Sur le site RésistanceS.be, Manuel Abramowicz tient des bases de données de personnes qu’il considère comme étant d’extrême-droite.
Il incite le grand public au mépris à l’égard de ces personnes, via des articles au contenu tendancieux, inexact, de parti pris, qui ne respectent pas la présomption d’innocence ni la vie privée des individus et dont les sources ne sont pas vérifiables.
En 2007, j’ai dû assigner Manuel Abramowicz, ainsi que l’asbl RésistanceS, en justice, car je m’estime lésé et atteint dans mon honneur et ma réputation par le contenu des articles me concernant sur le site qu’ils gèrent, RésistanceS.be.
Il faut savoir que l’avocat de Manuel Abramowicz et de RésistanceS est Me Laurent Arnauts, qui est un des collaborateurs du cabinet de Mischaël Modrikamen. Comme par hasard, le même Abramowicz a délivré un certificat de “démocrate” au patron de son conseil, alors que le Manifeste du Parti Populaire, dirigé par Me Mischaël Modrikamen, est une copie conforme de celui du FN.
De plus, ils avaient publié, en 2008, un article injurieux et malhonnête m’accusant d’avoir participé aux activités d’une maison d’édition publiant des ouvrages racistes en mettant en cause mon honneur et ma réputation, alors qu’au moment où j’ai réalisé un catalogue internet pour le compte de cette maison d’éditions, j’ignorais tout du contenu, jugé raciste, de ces ouvrages et que mon rôle se limitait à une simple assistance technique. Ce 23 juin 2009, j’ai donc été, bien logiquement, totalement blanchi par le tribunal correctionnel de Bruxelles et Manuel Abramowicz a été contraint de retirer cet article de son site. Il n’en reste pas moins que durant un an, son article au contenu mensonger a gravement porté atteinte à mon honneur et à ma réputation.

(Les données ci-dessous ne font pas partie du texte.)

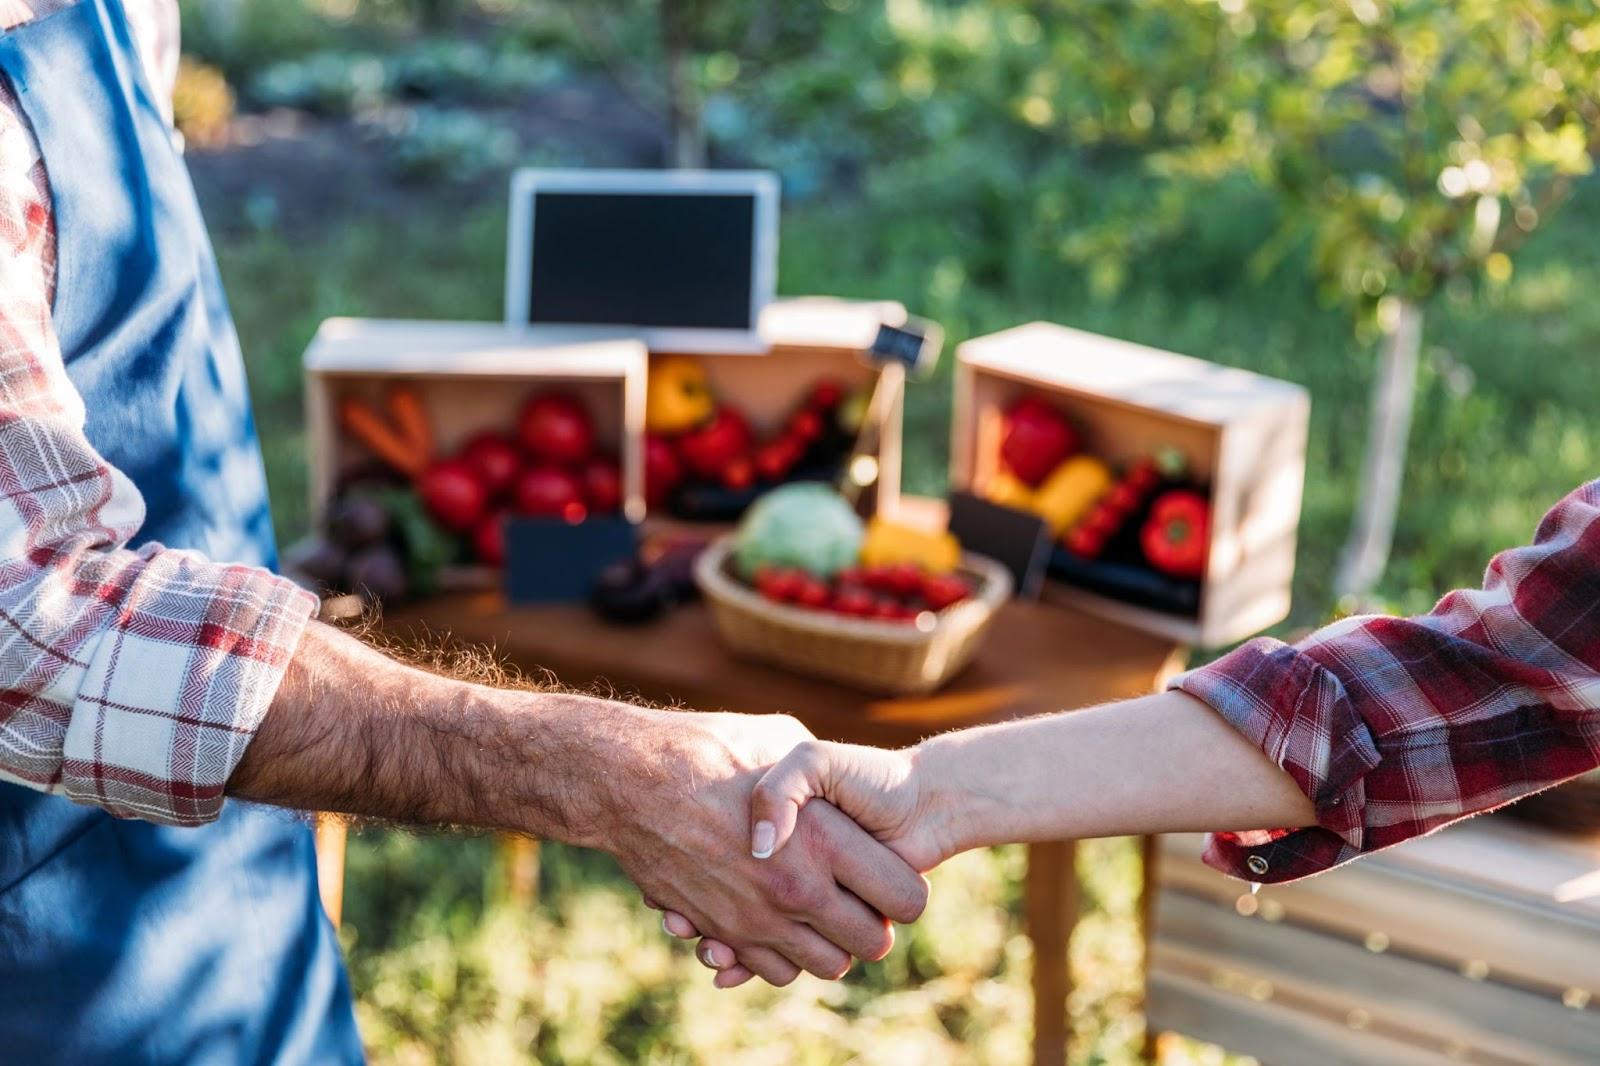 handshake-at-the-farmers-market
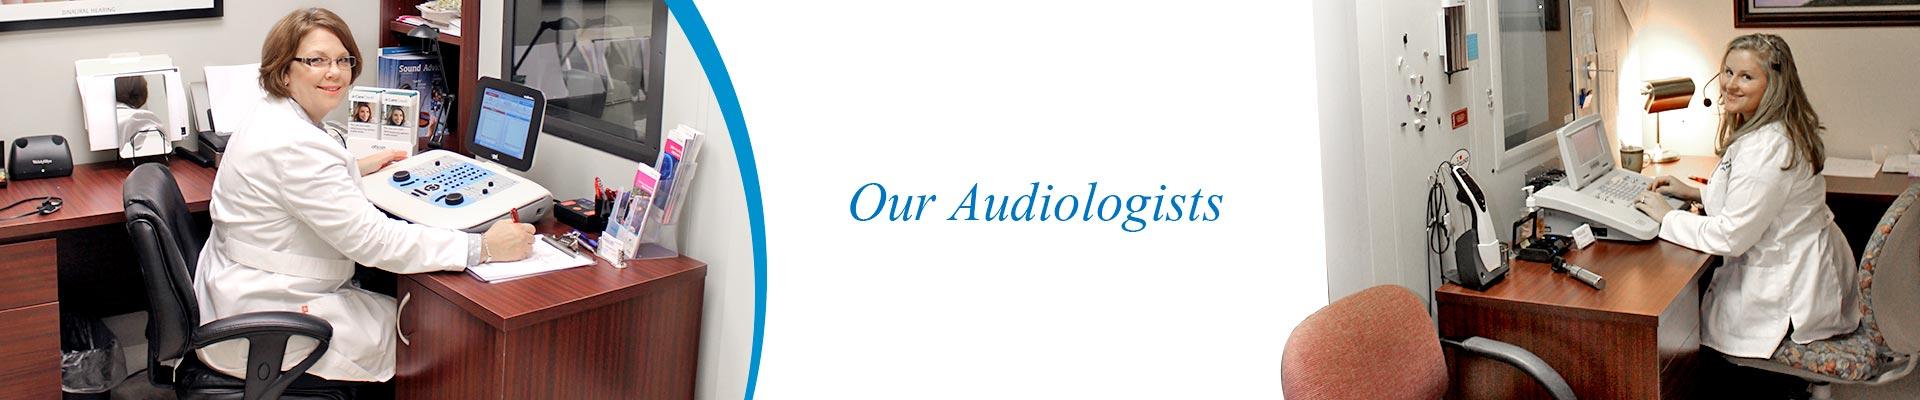 Our Audiologists - Associated Coastal ENT

Le contenu de cet article paru sur le site de RésistanceS.be contenait des informations et des pièces qui ne pouvaient d’ailleurs lui avoir été communiquées que par le Centre pour l’Egalité des Chances, partie civile, qui seule avait, avec moi, accès au dossier et qui ainsi, selon moi, a commis une faute et également violé mon droit à la vie privée.
Récemment, Manuel Abramowicz s’est rendu coupable d’une violation de ma vie privée en me trompant, par des manœuvres malhonnêtes, sur le site Facebook, pour me faire “avouer” quelque chose qui n’est même pas exact… Pour ce faire, il a usurpé publiquement le nom de l’artiste-peintre Isabelle Ravet (http://www.isara.be), et se faisant passer pour elle, m’a contacté, puis a dévoilé sur internet le contenu de nos échanges privés !
De plus, il maintient encore en ligne durant des années des articles aux informations périmées, même lorsque les personnes ont fait le choix de se retirer de la vie publique, comme c’est mon cas.